Komplexer präsentiert sich die Situation bei den Baumarten des trocken-warmen Bereiches (Elsbeere, Speierling, Mehlbeere, Wildbirne, Wildapfel, Zerreiche, Blumenesche). Diese Arten kommen natürlicherweise auf Standorten vor, wo die Buche in ihrer Konkurrenzkraft geschwächt ist d.h. entweder im armen und trockenen Bereich der Buchenwaldgesellschaften oder in Waldföhren- oder Eichenmischwäldern. In der Schweiz kommen solche
Standorte, insbesondere auf Jura-Unterlage, zwar oft nur kleinflächig begrenzt, aber dennoch
relativ häufig vor. Diese trocken-warmen, eher ärmeren Standorte sind zwar ebenfalls durch
die forstliche Bewirtschaftung beeinflusst, aber insgesamt doch deutlich weniger stark verändert worden als die wüchsigen, forstlich interessanteren Standorte. Die meisten der genannten Baumarten sind allerdings durch die jahrhundertelange Nieder- und Mittelwaldwirtschaft
auch auf Buchenwaldgesellschaften begünstigt worden. Lichte Waldstrukturen und die gezielte Eliminierung der Buche haben diese Arten auch auf jenen Standorten gefördert, auf
denen sie natürlicherweise nicht vorkommen würden.
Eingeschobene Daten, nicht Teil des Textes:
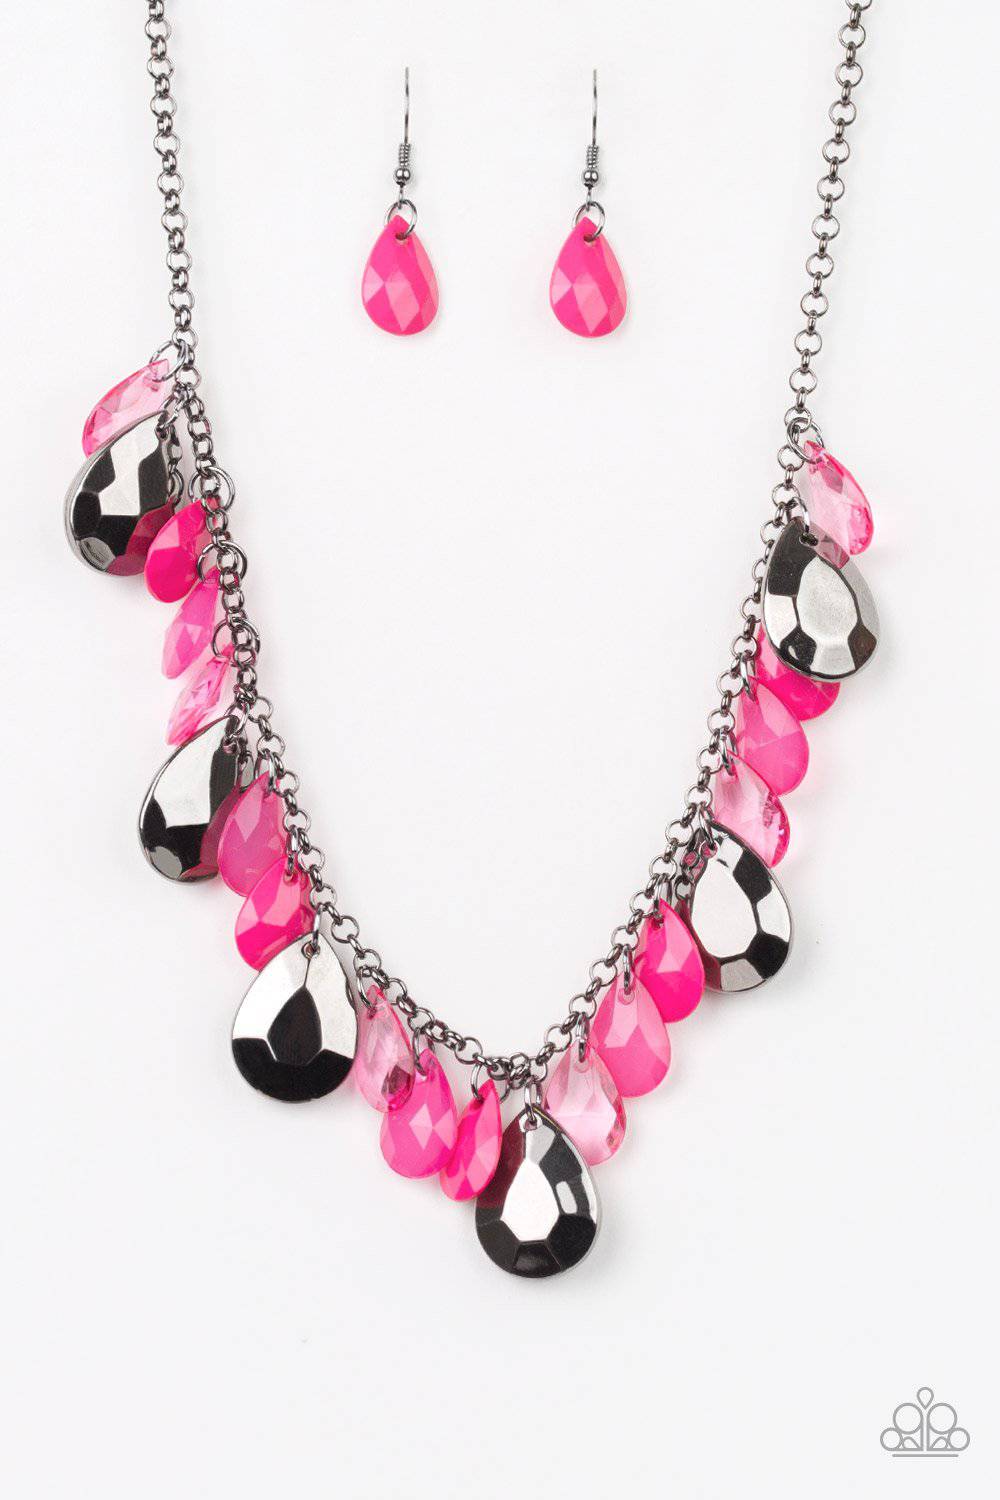 A78 - Hurricane Season Pink Necklace by Paparazzi Accessories on Fancy5Fashion.com

Wenn wir heute bei Elsbeere und
Speierling einen markanten Bestandes-Rückgang feststellen, ist dies zumindest teilweise
vermutlich ein Rückzug auf ihre natürlichen Standorte (Häufigkeiten). Beide Baumarten
dürften aber auch durch die Waldbewirtschaftung (hohe Vorratshaltung, geringes wirtschaftliches Interesse) auf ihren natürlichen Standorten negativ beeinflusst worden sein.
Erstaunlicherweise zeigt die Wildbirne keinen Rückgang, obwohl sie mit Sicherheit
ebenfalls durch Mittel- und Niederwald begünstigt worden ist. Möglicherweise ist die Datenbasis, d.h. die Anzahl der Fundbelege dieser selten vorkommenden Baumart, einfach zu
gering, um einen Nachweis zu ermöglichen. Der Rückgang der beiden nur in der Südschweiz
auftretenden Arten Zerreiche und Blumenesche sowie von Flaumeiche und schneeballblättrigem Ahorn dürfte waldbauliche Gründe haben; Abkehr vom Niederwald, geringe wirtschaftliche Bedeutung und damit Bevorzugung anderer, wirtschaftlich interessanterer Arten
bei der Bestandespflege kommen in erster Linie als Ursachen für den Rückgang in Frage.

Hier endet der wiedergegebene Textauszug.